AGE formation and accumulation have been implicated as a major factor in the development of diabetic complications, atherosclerosis, Alzheimer’s disease, and the normal aging process [21]. Linked to the process of AGE formation, lipoxidation reactions, oxidative and carbonyl stress should also be given as much attention where their tight association is now being increasingly reported [22]. Thus, AGE formation and AGE-protein cross-link formation should not be the only target for therapeutic interventions. Highly reactive carbonyl intermediates responsible for the formation of AGEs and advanced lipoxidation end-products (ALEs) should also be targeted. As formation of these end-products involves a complexity of pathways and reactions, inhibitors that react with each step and intermediate products should be evaluated. Another factor to be considered is the fact that glycoxidized proteins generate reactive oxygen species (ROS) and induce oxidative stress through the reaction with receptor for advanced glycation end-products (RAGEs). Also, ROS are generated by other reactions in the cascade of AGE formation such as methylglyoxal (MGO) and Schiff’s base pathways leading to lipoxidation and oxidative damage. Therefore, strategies such as suppression of receptor signaling pathways (e.g. RAGE antagonists), and the use of antioxidants should be targeted. AGEs being complex and having a variety of cross-links, the development of inhibitors and AGE breakers might be difficult. Nonetheless, oxidative and carbonyl stress associated with AGEs can be inhibited by compounds having both metal chelating and carbonyl scavenging properties [23]. Unfortunately, from a large number of naturally occurring and synthetic compounds reported as AGE inhibitors, only the mechanism of action of a few compounds have been studied extensively. Unraveling the mechanism(s) of action of these inhibitors is essential for understanding the roles of AGE in the pathogenesis of a number of age-related chronic diseases and to design more effective therapeutic strategies for these diseases in the future [23].

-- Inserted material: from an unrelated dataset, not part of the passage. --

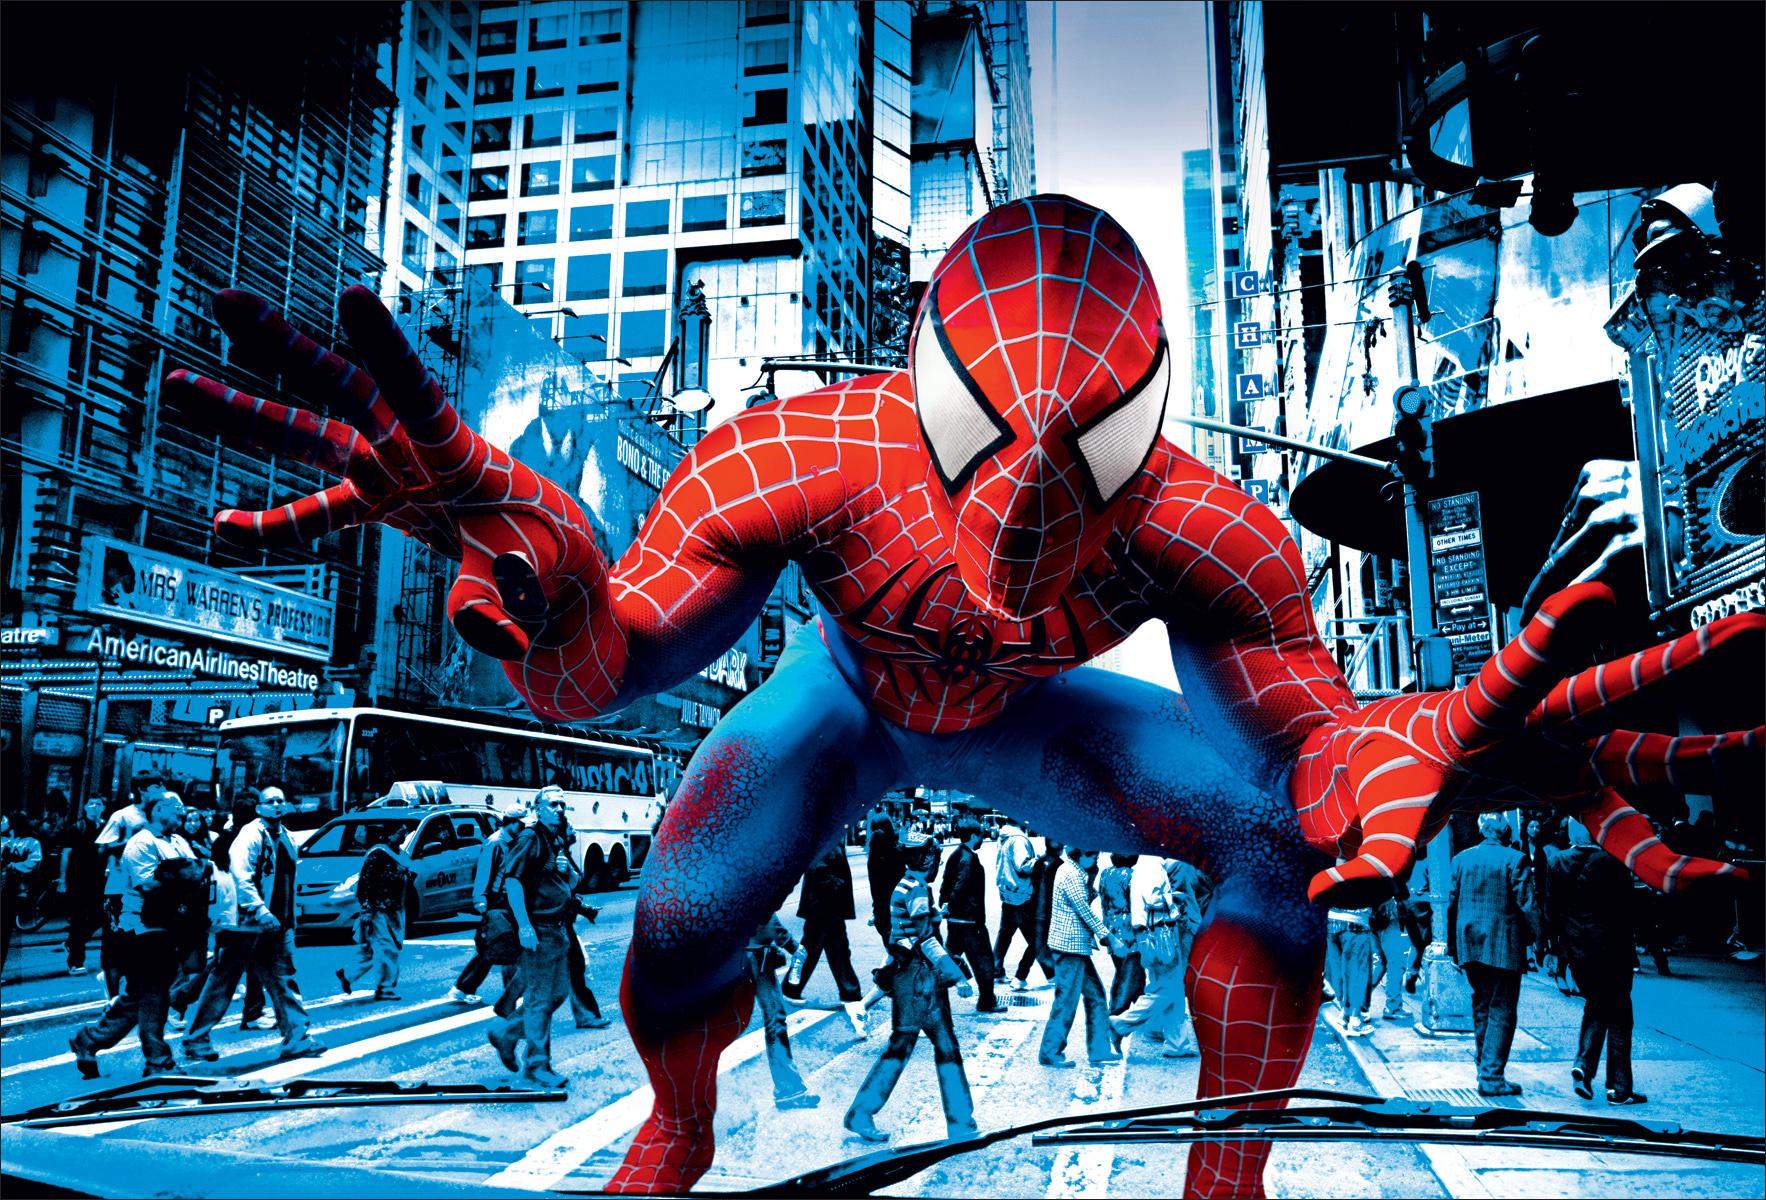 картинки или фото человека паука иногда завидуем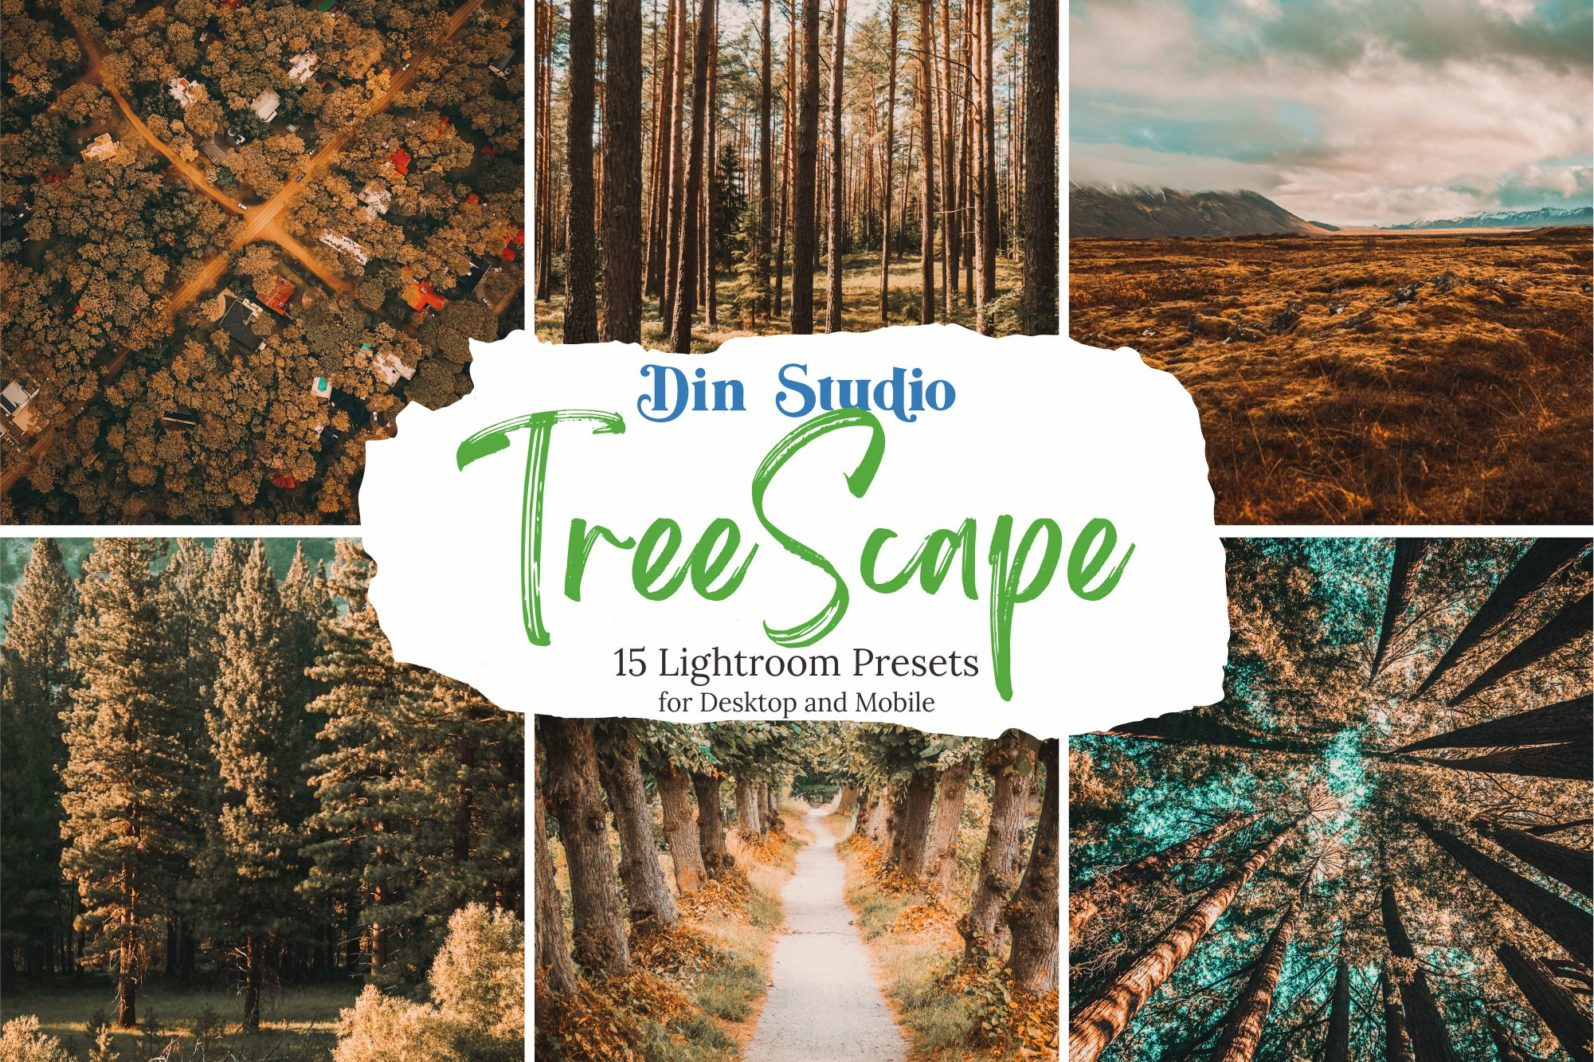 Treescape Lightroom Presets - Treescape Copy 1 -

During the current study, we focused our efforts to evaluate effective anti-glycation as well as antioxidant ability of extracts of culinary herbs and spices with the objective to be incorporated as therapeutic strategy in diabetes control and prevention. Our main approach was to screen a number of natural products. Furthermore, the purpose of this study was also to investigate the antioxidant activity of some local herbs and spices in order to evaluate the scientific basis of their potential therapeutic application as traditional medicine. All the herbs and spices tested in this study showed antioxidant activities. Based on the screening studies, the most promising compounds were selected to conduct further studies. Some of these results are presented below.

Hence, results gathered from our study and a literature search is suggestive of “Formulation” a concept of combining herbs with similar therapeutic activity. There is no doubt that most herbs exhibit their effects owing to a variety of constituents and therefore it becomes important to evaluate the idea of synergy within and between them and to investigate whether a mixture or formulation possesses greater activity than the individual components or whether the overall potency is synergistic in mechanism. However, more detailed pre-clinical and clinical evidences are required to establish these purported potencies.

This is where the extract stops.